Et la portée universitaire du festival prend son sens dans toutes les dimensions du projet. C’est un festival par les étudiants pour les étudiants qui embarque tout le monde. « Nous avons créé ce festival parce que nous voulions faire ensemble : étudiants, chercheurs, artistes, étrangers… et aussi pour se dire que l’université n’est pas qu’un ensemble de cours et de maquettes et qu’il n’y a pas toujours cette frontière immense entre enseignants et étudiants », explique Ilaria Moretti.
Créer des vocations
Au-delà de ceux qui se produisent sur scène, les étudiants sont impliqués dans tout ce qui fait le festival. Mise en scène, régie, traduction, photo, radio, etc. À l’image de Nora Moubarak, étudiante et médiatrice culturelle, qui participe depuis plusieurs années au festival et s’occupe de L’Entracte, un quotidien distribué chaque jour pendant la durée du festival.
« Au départ je suis arrivée avec juste l’idée de faire des photos et finalement maintenant, je suis à la rédaction en chef du journal. L’année dernière, j’ai pu expérimenter l’ingénierie de projet sur un atelier d’écriture en langue arabe. Cette année, j’ai suivi un projet d’atelier en radio-journalisme, relate Nora Moubarak.
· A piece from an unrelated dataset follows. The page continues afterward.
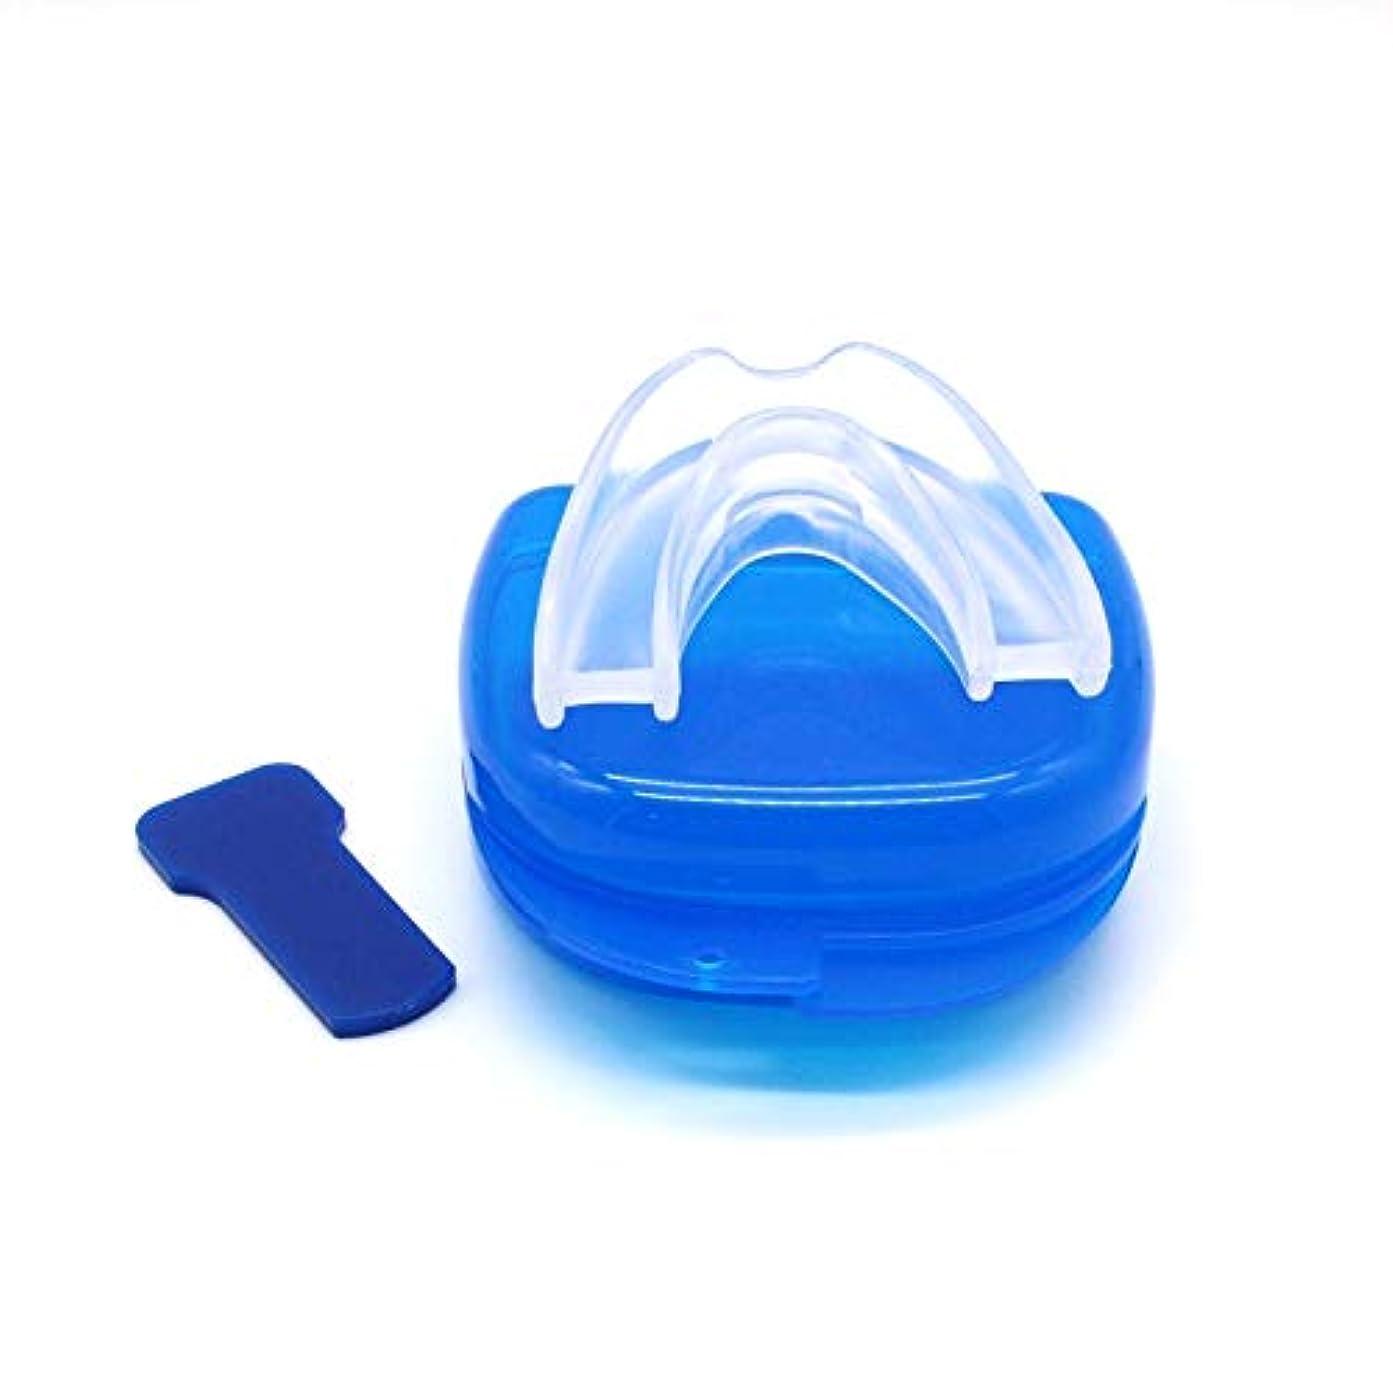 コンクリート不安定な司教NOTE マウスガード装置停止歯ひび割れ防止いびき無呼吸ガード歯ぎしりトレイ付きケースボックスおやすみなさい手助けいびきを解消
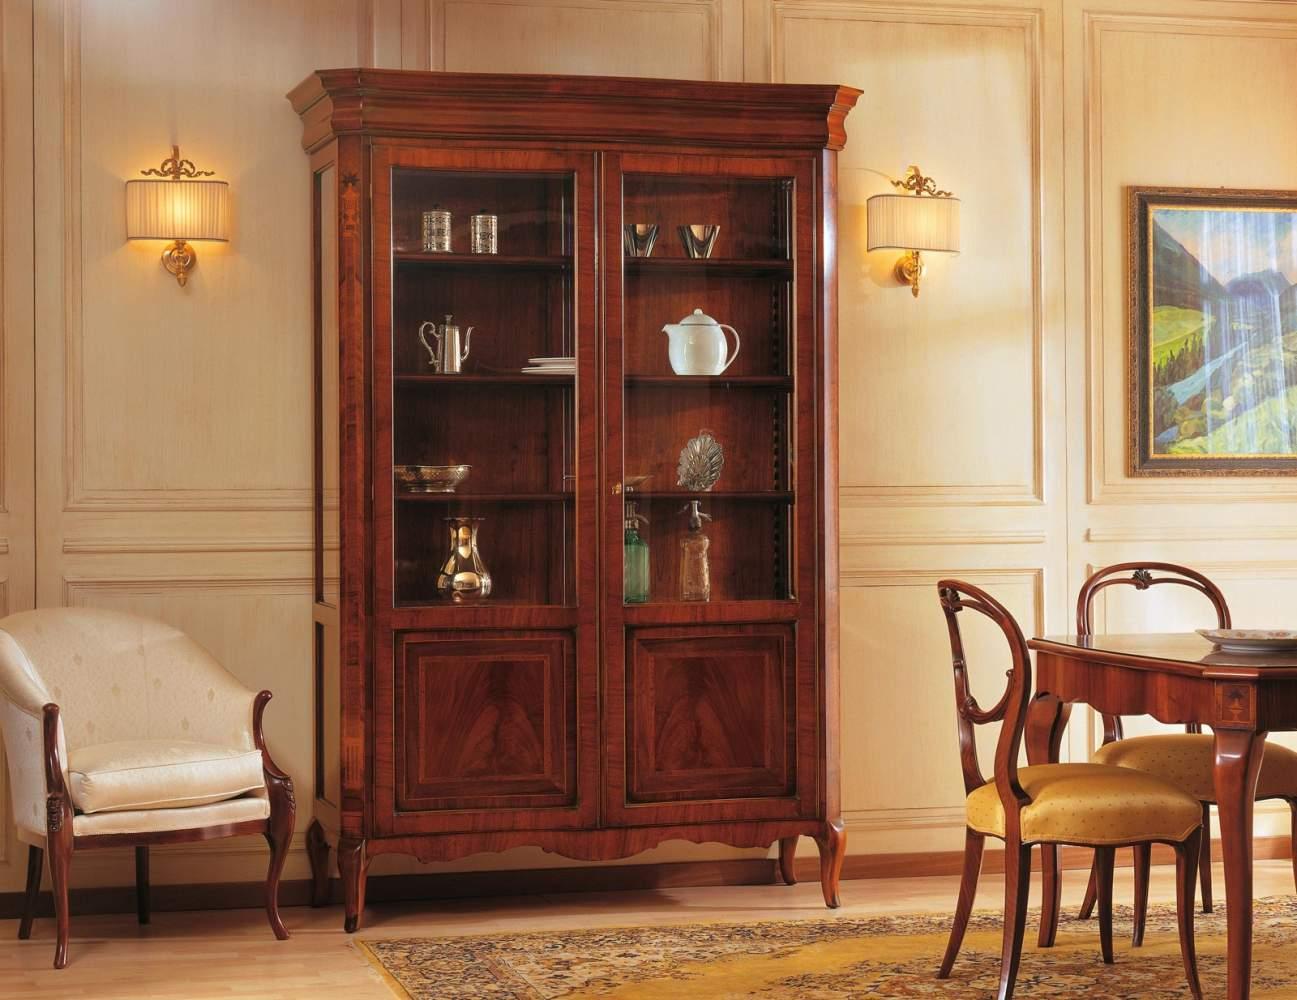 Vitrine avec deux portes dans le style du XIXe siècle français

On arrive par une petite porte d’entrée et une multitude de portes apparaissent ».
Une opportunité d’autant plus importante dans une période déterminante pour l’orientation professionnelle des étudiants et qui peut faire naître des vocations. « Si le festival peut être un lieu qui permet de nourrir quelque chose d’intime, un désir pour faire quelque chose dans la vie, tant mieux », estime Ilaria Moretti.
Meraki est un objet qui devient celui de tous en fonction de ce que chacun veut y apporter
Juliette Rindone, coordinatrice du festival Meraki
Et l’implication de chacun donne sa couleur au festival. « Nous sommes un festival jeune qui évolue chaque année en fonction des personnes qui y travaillent. Nous avons cet objet qui devient celui de toutes et tous en fonction de ce que chacun veut y apporter », souligne Juliette Rindone.
Troupe irlandaise, italienne ou de Paris 8, performance de danse par le Jeune ballet désoblique, cordée théâtrale à la Maison des étudiants, plateau radio, ateliers avec le Théâtre des Célestins, le TNP ou initiation au clown et à l’écriture, etc. Pendant cinq jours, le festival Meraki proposera un programme varié qui illustre la diversité et richesse des langues, de la création théâtrale et de l’université.